◆ DATA BLOCK:

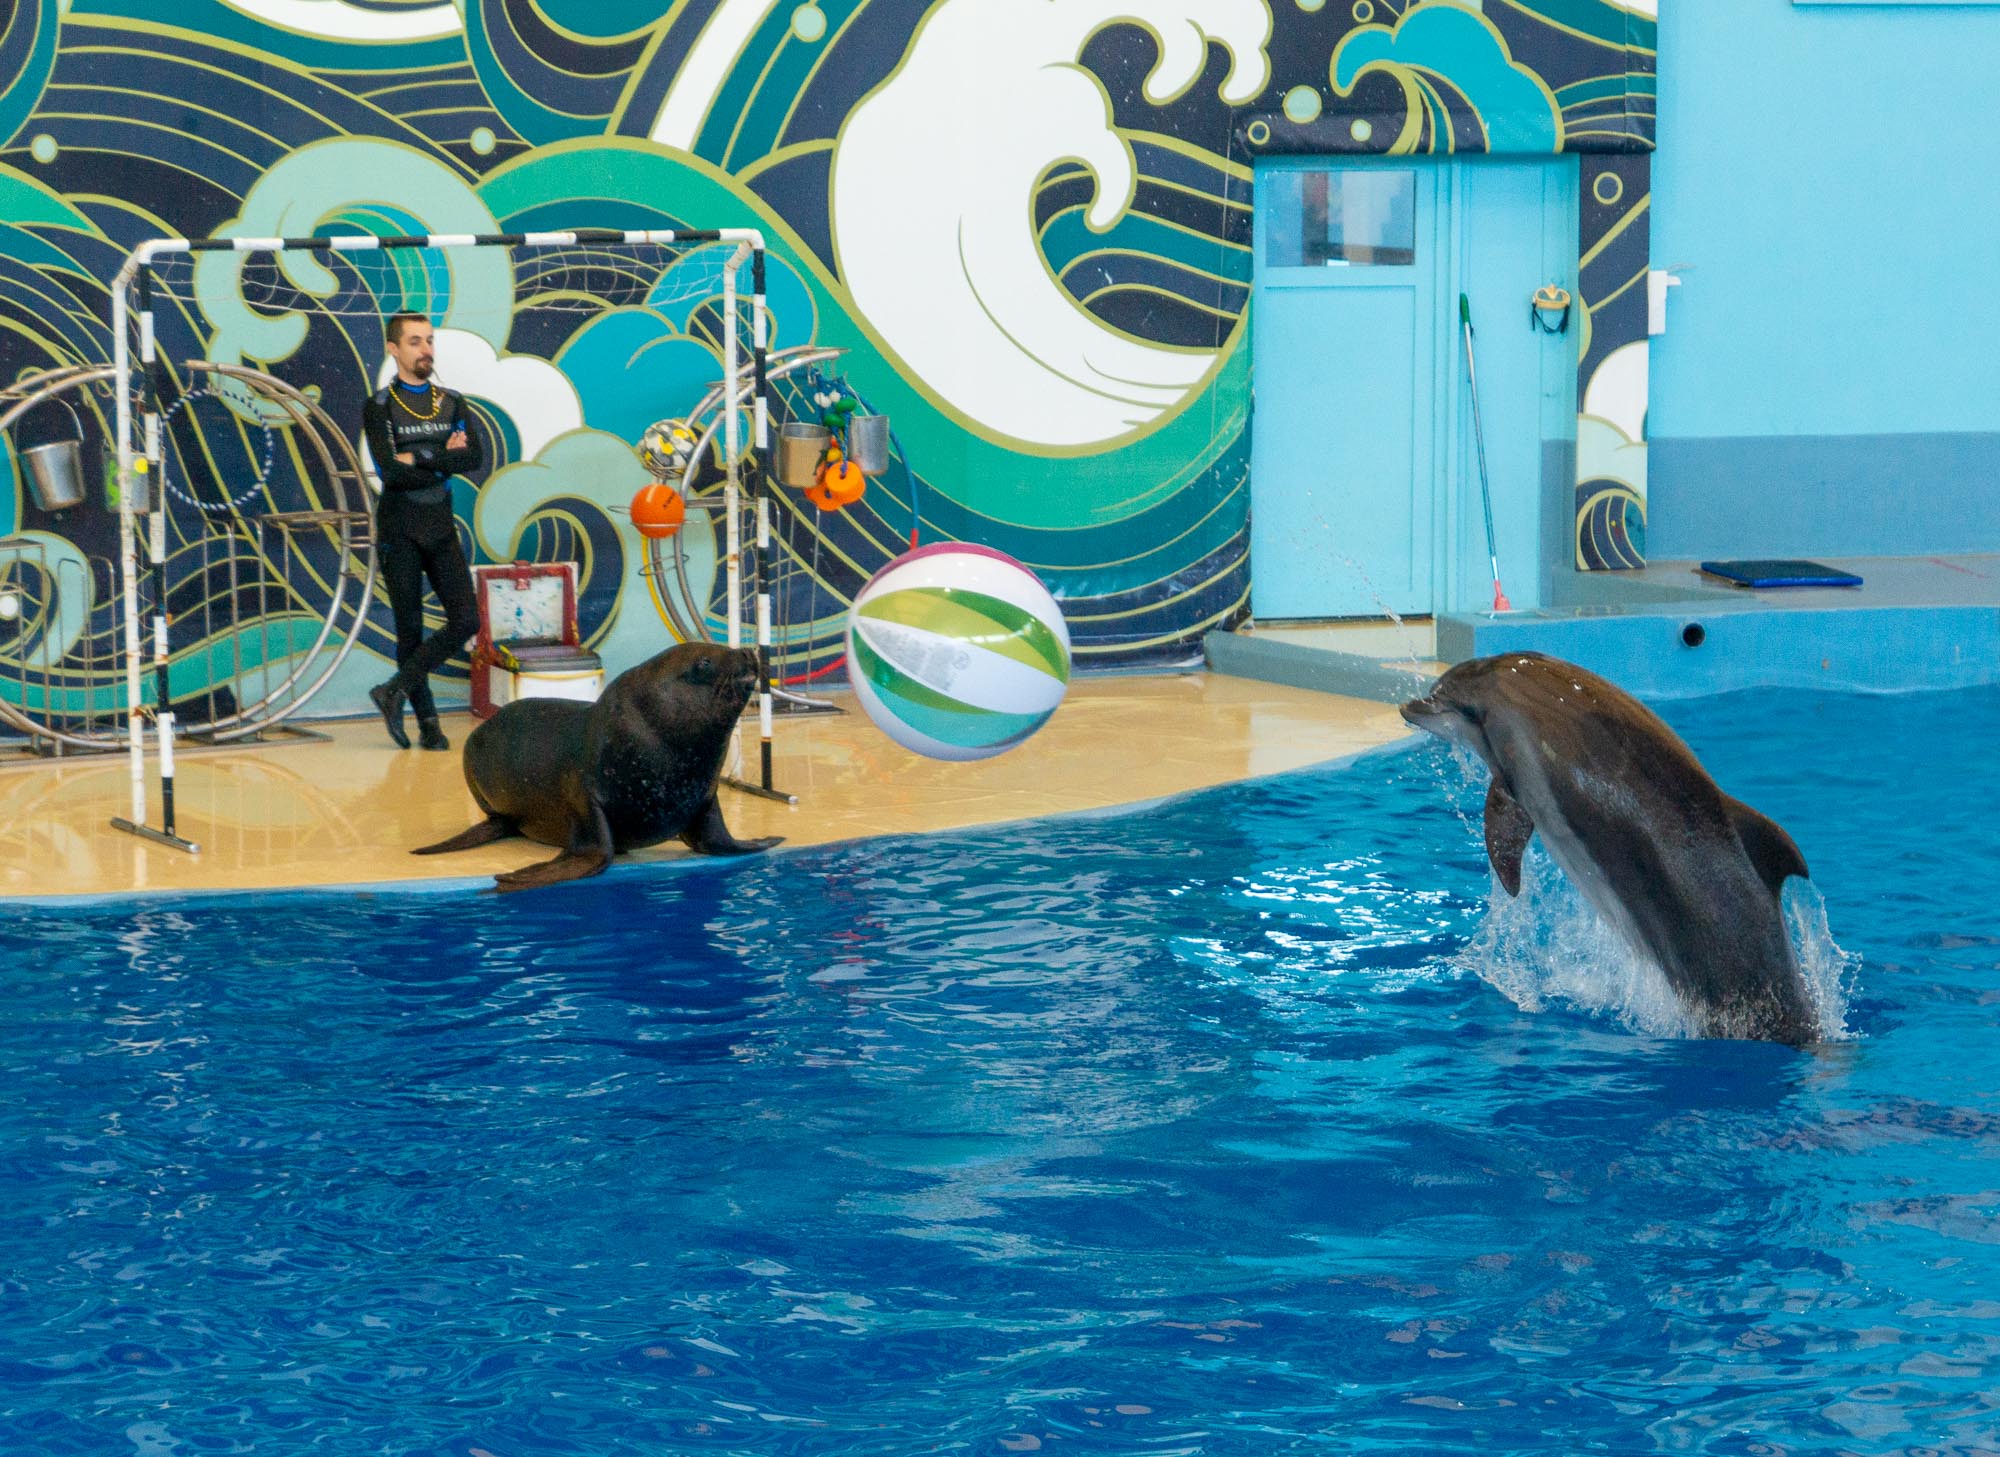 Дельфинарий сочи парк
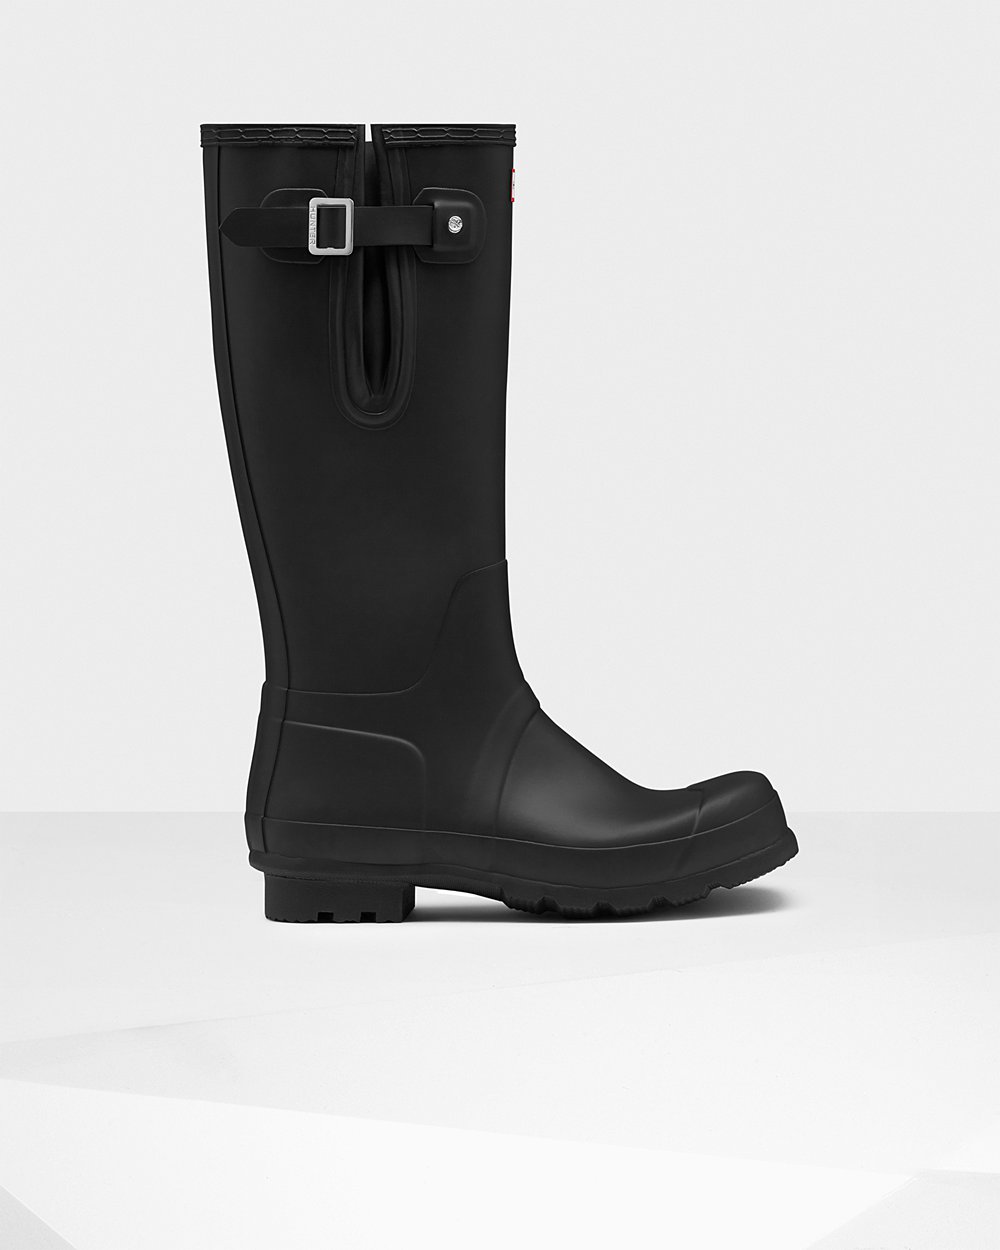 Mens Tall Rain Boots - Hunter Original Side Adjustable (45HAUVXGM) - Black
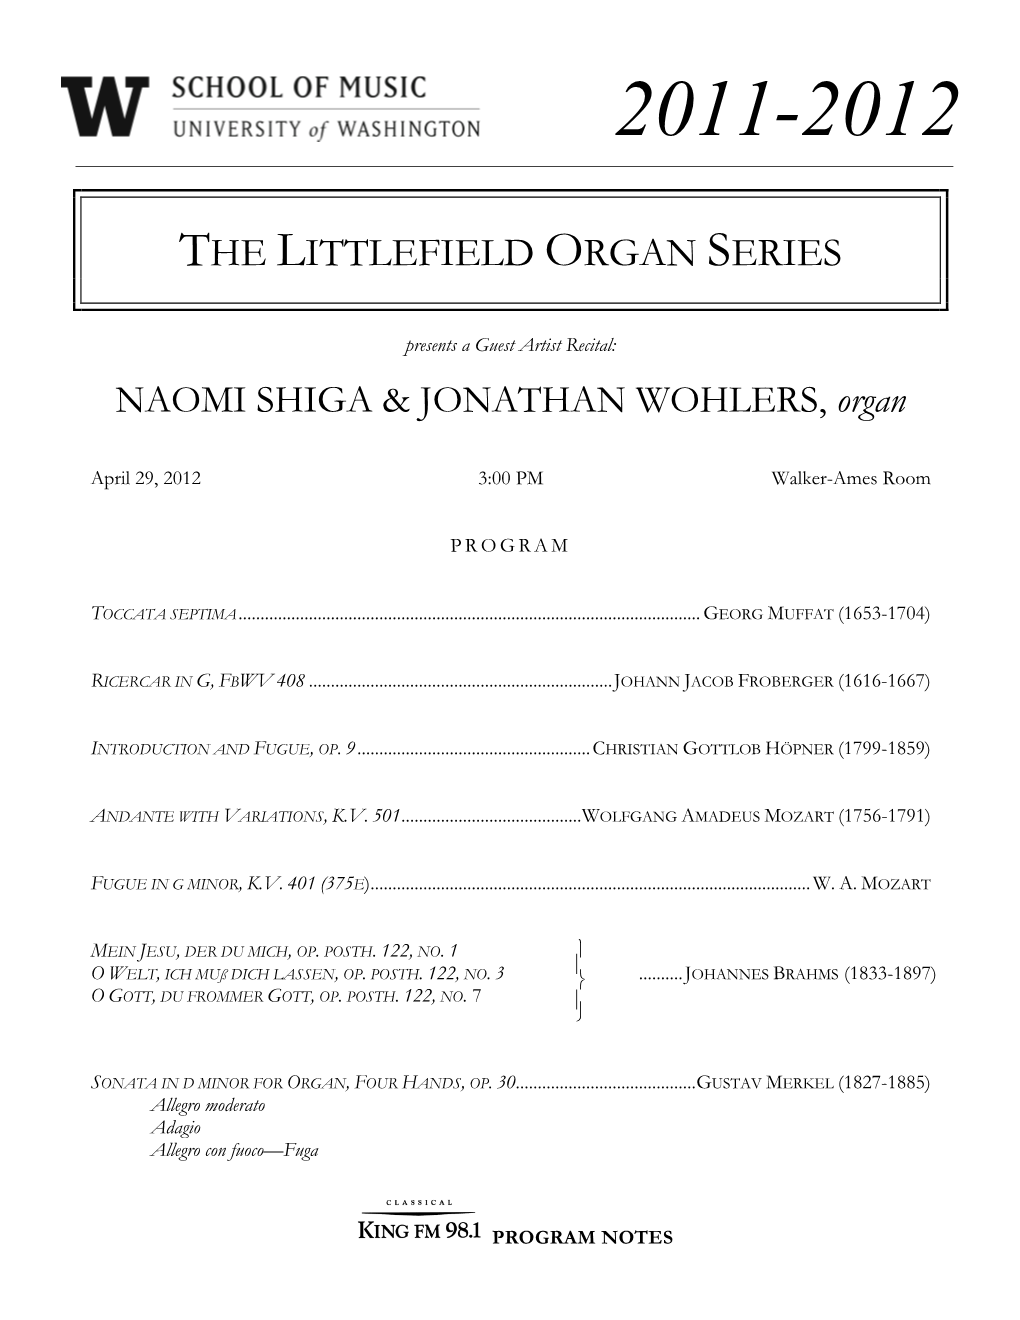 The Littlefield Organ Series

◆ ASSIGNMENT: The material should be duplicated word for word, with no images included.

◆ ANSWER FOR THE TASK:
 Дельфинарий сочи парк
 Mens Tall Rain Boots - Hunter Original Side Adjustable (45HAUVXGM) - Black
 The Littlefield Organ Series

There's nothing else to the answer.